Жара в Москве — понятие относительное (жалкие двадцать в тени и двадцать семь на солнцепеке на юге воспринимались бы как «Яша, надень шарфик!»), но и от относительной жары на улицу выносит миллионные толпы — на любом бульваре, на любой набережной клубится и плющится народ. Дети народа, словно зайцы к Мазаю, лезут в лодку Шолохова и там принимаются обижать младших путем щипания и растрепывания.
Другие дети ищут броду в шолоховском «мясном ряду» — фонтане, где конские головы лежат рядком, будто приготовленные на холодец.

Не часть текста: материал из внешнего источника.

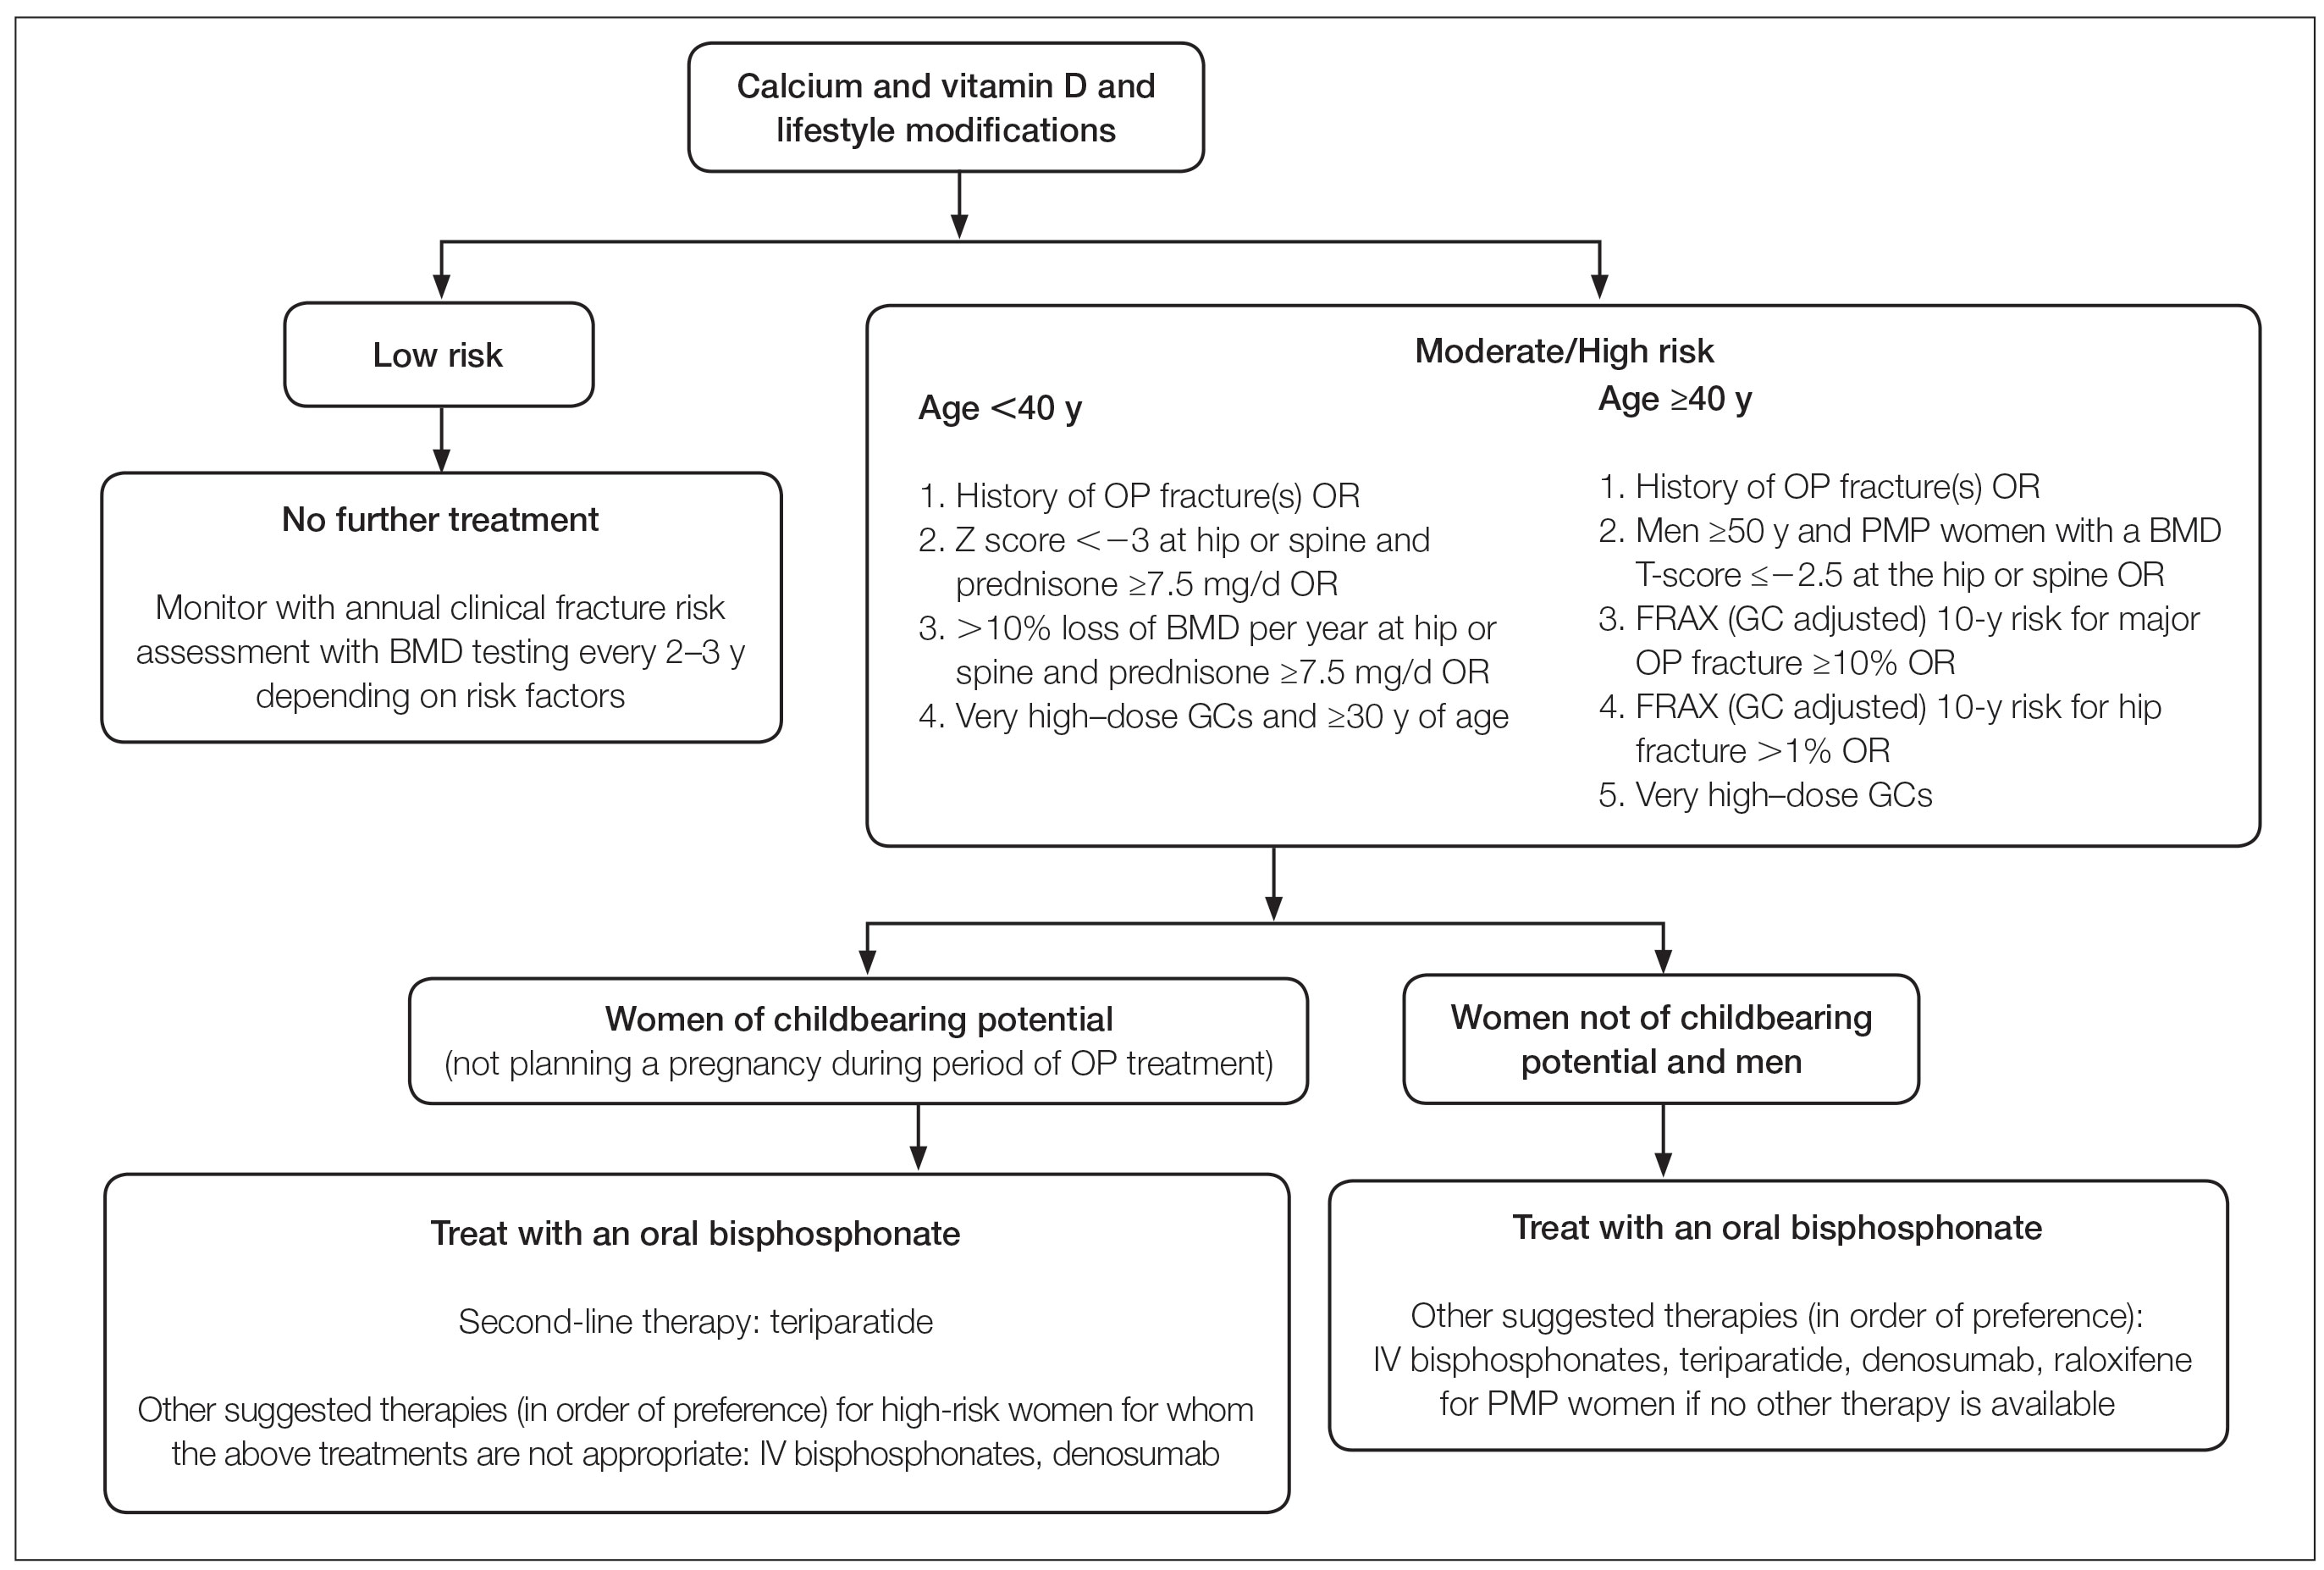 Therapeutic algorithm for adults treated with glucocorticoids (GCs)

Здесь же бродят горячие мексиканские парни и цветут фиалки — живые цветы сменили на аркаде бумажных бабочек и зеленую лапшу, еще недавно развешанную по аркам, точно по ушам.
Никто не хочет отсидеться по жаре в пабе с завлекательно-двусмысленным названием и поставленным на вечный прикол розовым велосипедом?
Но даже если день не больно-то солнечный, а над головами гуляющих в опасной близости парят хмурые праздничные голуби — все равно народ гуляет. Праздник же!
Весеннее любование бумажной сакурой, похоже, закончилось. А то длилось и длилось — и конца-краю ему не было. Кузнецкий мост осакурел…
Парк «Зарядье», помимо неестественно-розовых монстров, украсился металлизированной Голгофой с голографическим экраном на боку. Гологофой.
И металлическим же языком, выдающимся над Москвой-рекой так далеко, что собравшиеся на нем толпы, кажется, вот-вот обрушат «недомост» в воду.
На сакурах зачем-то болтались клетки, некоторые из них оказались открыты — не иначе то был символ свободы!
Короче, мы сбежали от толп в музей и стали свидетелем попыток духовно богатых дев сделать селфи на фоне Рембрандта. Но это уже совсем другая история.